4. Pod Not Starting: Pending

The scheduler cannot place the pod on any node.

kubectl describe pod <pod> -n <ns>
kubectl describe node <node>

Common causes: insufficient CPU/memory for requests, node selector or affinity matching no nodes, taints without tolerations, unbound PVC, resource quotas exceeded.

5. The kubectl Debug Workflow

The universal first three commands:

kubectl get pods -n <ns> -o wide
kubectl describe pod <pod> -n <ns>
kubectl get events -n <ns> --sort-by=.lastTimestamp

These answer 80% of questions. Read the Events section of describe output first.

Deeper investigation:

kubectl logs <pod> -c <container> -n <ns>
kubectl logs <pod> --previous --all-containers
kubectl logs -f <pod> -n <ns>

6. Exec and Ephemeral Debug Containers

Fun fact: Ephemeral debug containers (the kubectl debug command) were added in Kubernetes v1.23 (GA in v1.25). Before this feature, debugging distroless containers required building a new image with shell tools baked in — defeating the purpose of minimal images.
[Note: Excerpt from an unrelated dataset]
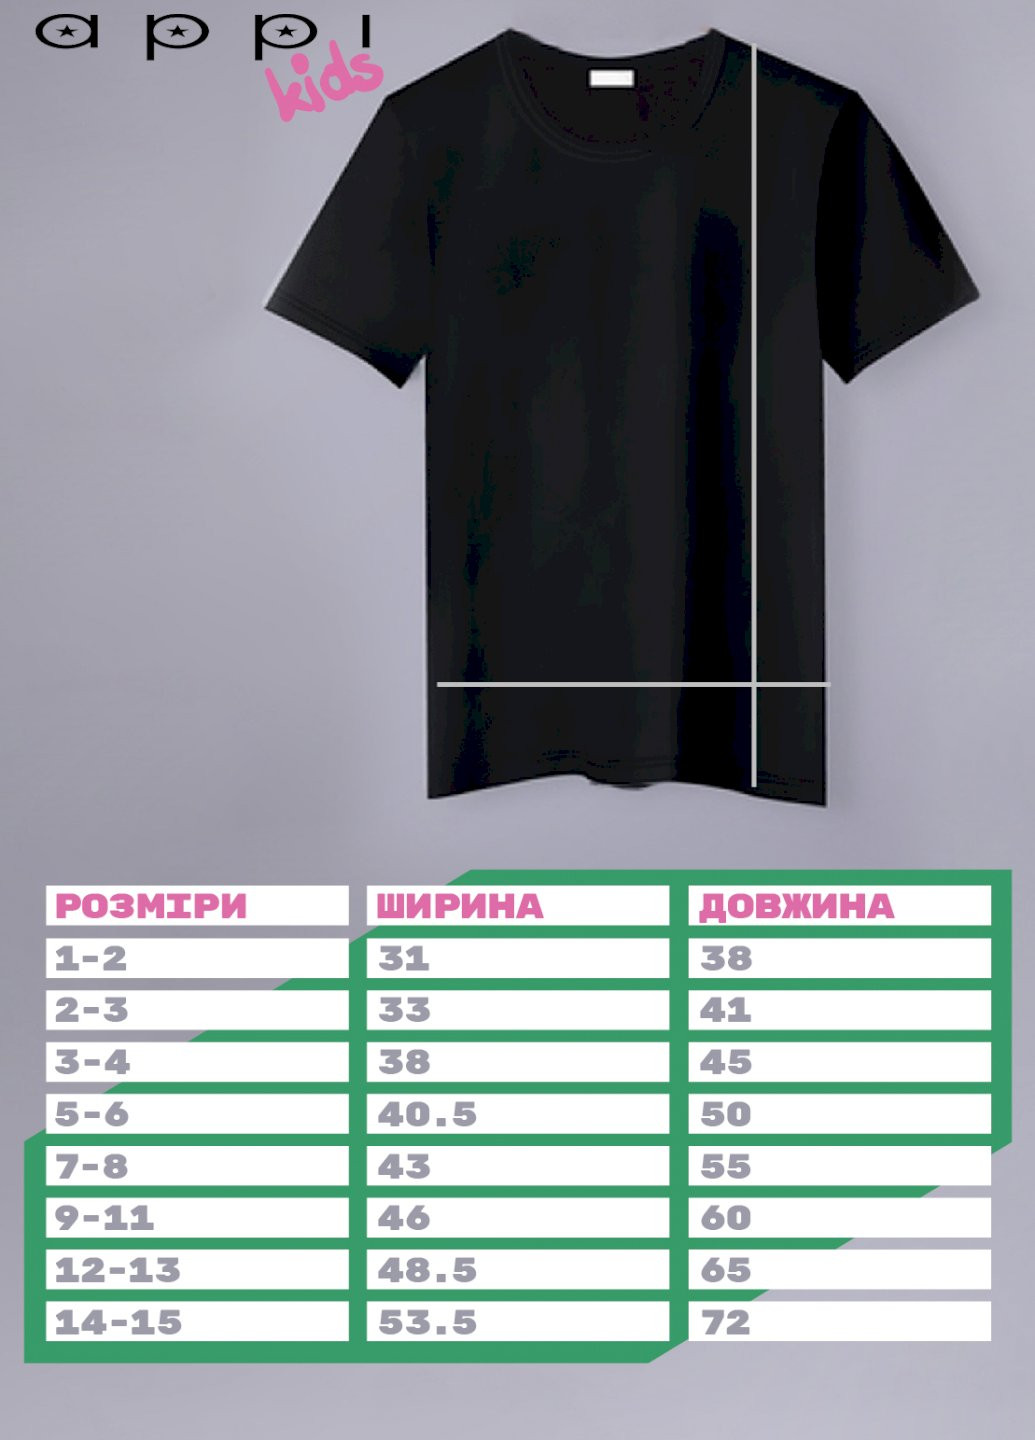 Черная демисезонная футболка детская черная патриотическая "artem est. ukraine" YAPPI

Ephemeral containers share the PID and network namespace of the target pod but have their own filesystem, so they can carry debugging tools without polluting the production image.
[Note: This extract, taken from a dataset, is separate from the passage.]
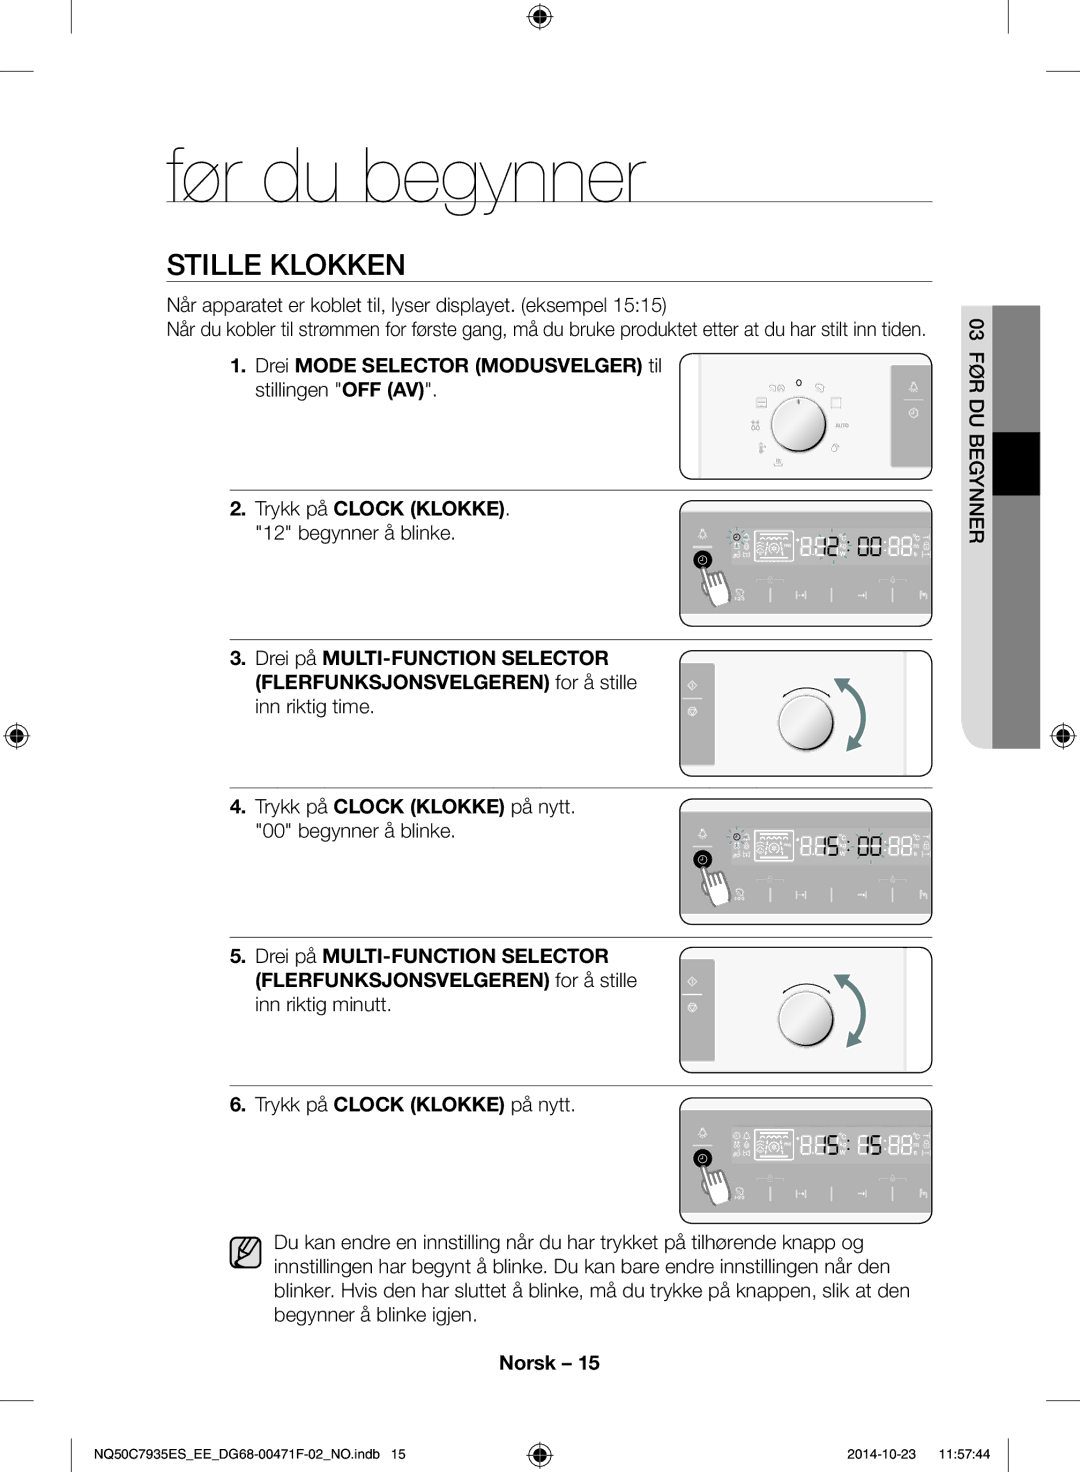 Samsung NQ50C7935ES/EE manual Før du begynner, Stille klokken, Når apparatet er koblet til, lyser displayet. eksempel

Get a shell in a running container:

kubectl exec -it <pod> -n <ns> -- /bin/sh

Inside, check: ps aux, env | sort, curl localhost:<port>/health, nslookup <service-name>.

For distroless images without a shell:

kubectl debug -it <pod> -n <ns> \
  --image=busybox --target=<container>

For node-level debugging:

kubectl debug node/<node> -it --image=ubuntu
# Host filesystem is at /host

7. Resource Limits and OOMKill

When a container exceeds its memory limit, the kernel OOM killer terminates it (exit code 137).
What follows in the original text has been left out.